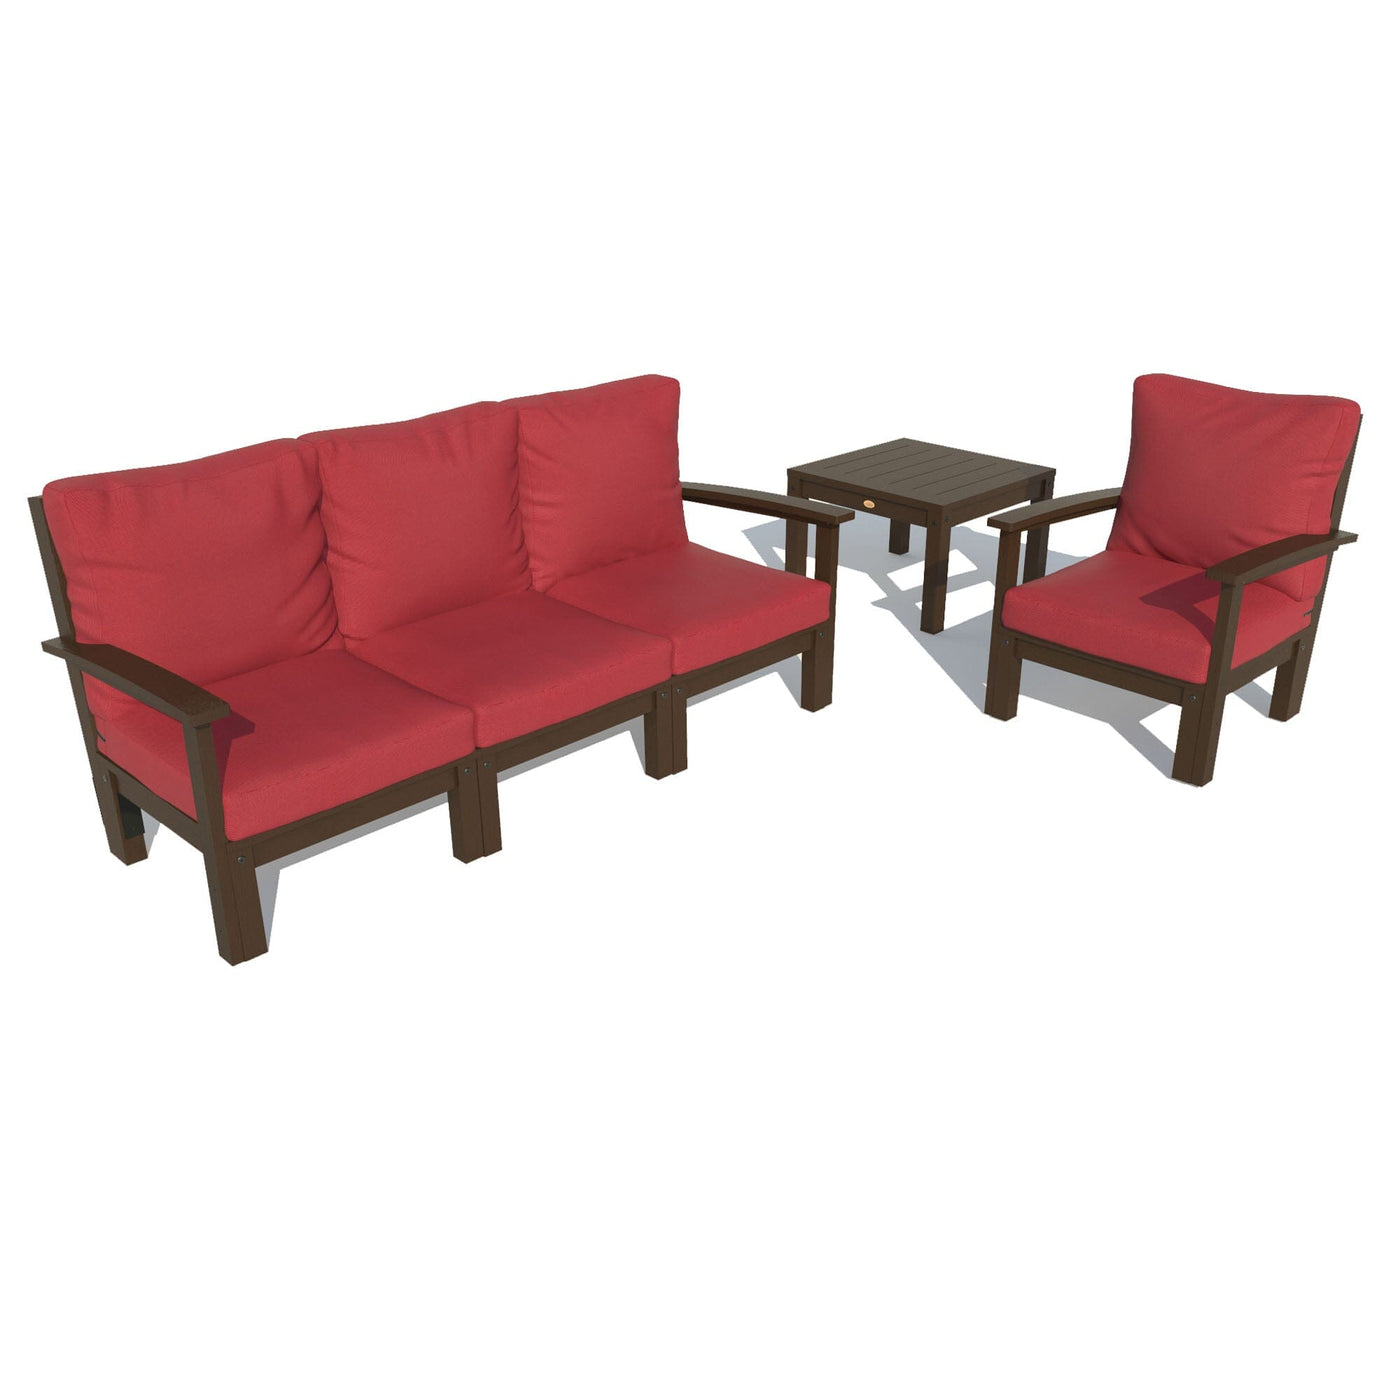 Bespoke Deep Seating: Sofa, Chair, and Side Table Deep Seating Highwood USA Firecracker Red Weathered Acorn 
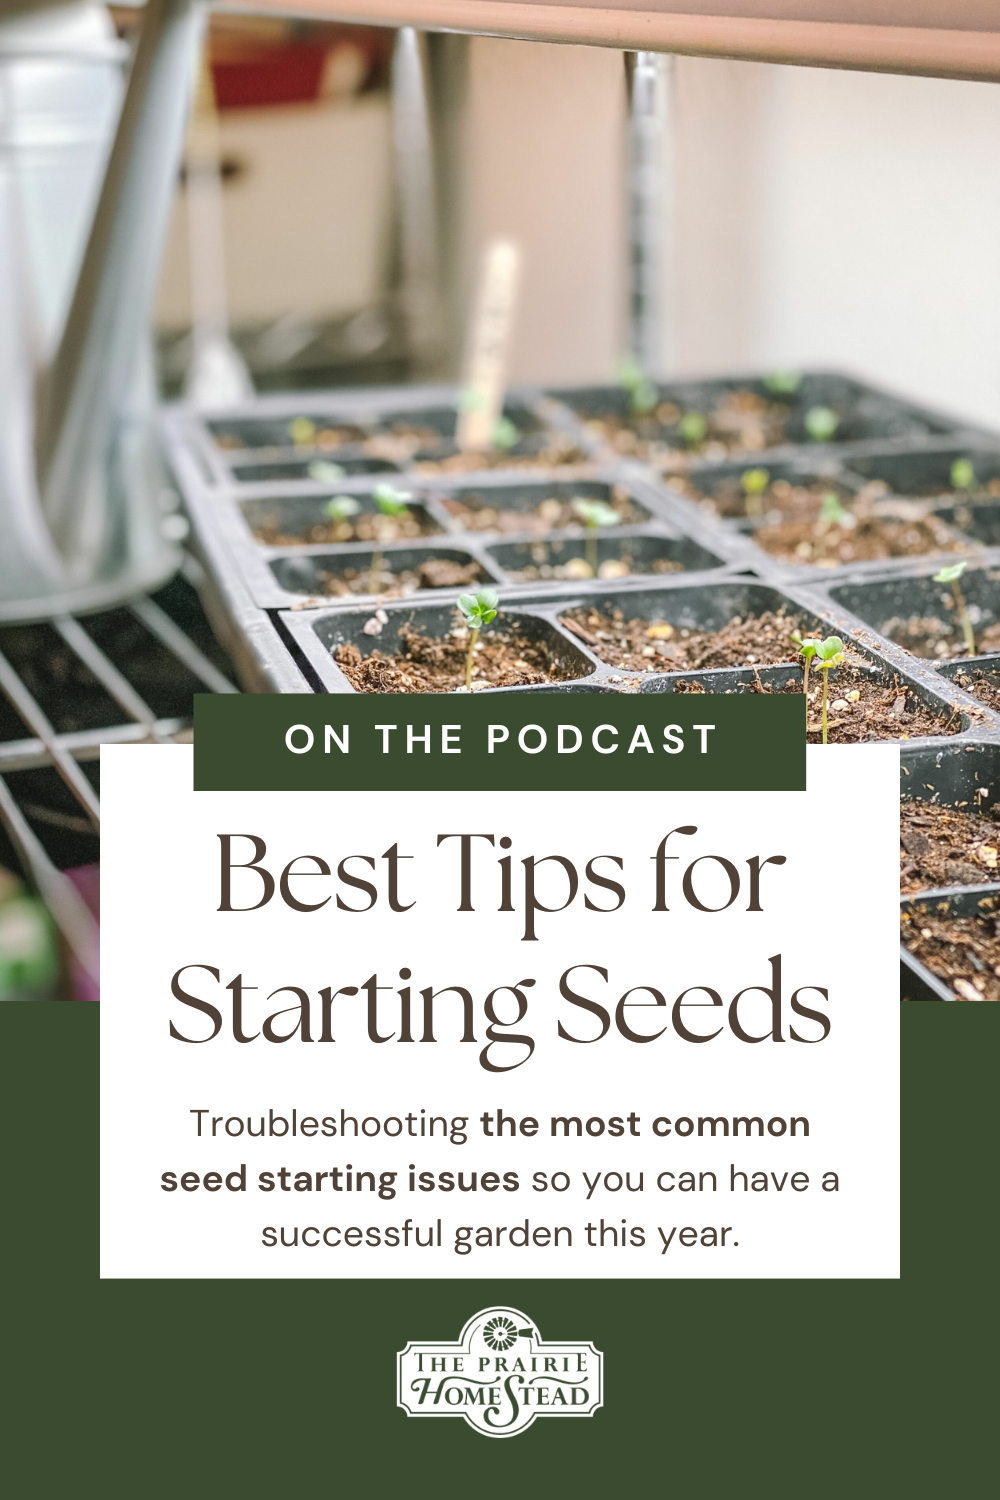 Top Tips for Starting Seeds
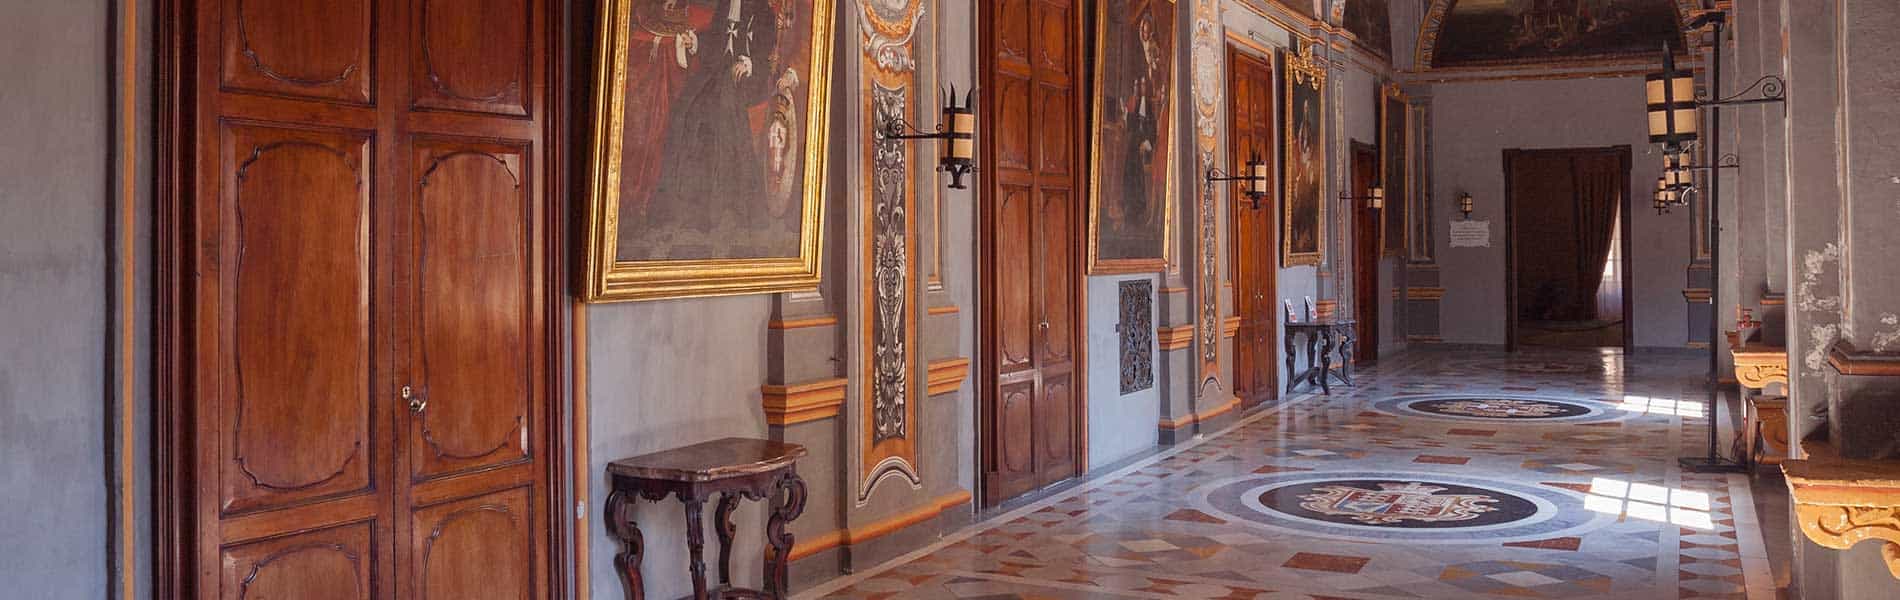 Halls of the Grandmaster's Palace: One of many reasons to visit Malta.

= WORK TO COMPLETE =
Repeat the full listing above exactly, with no pictures in the copy.

= EXPECTED ANSWER =
 Bespoke Deep Seating: Sofa, Chair, and Side Table Deep Seating Highwood USA Firecracker Red Weathered Acorn 
 Top Tips for Starting Seeds
 Halls of the Grandmaster's Palace: One of many reasons to visit Malta.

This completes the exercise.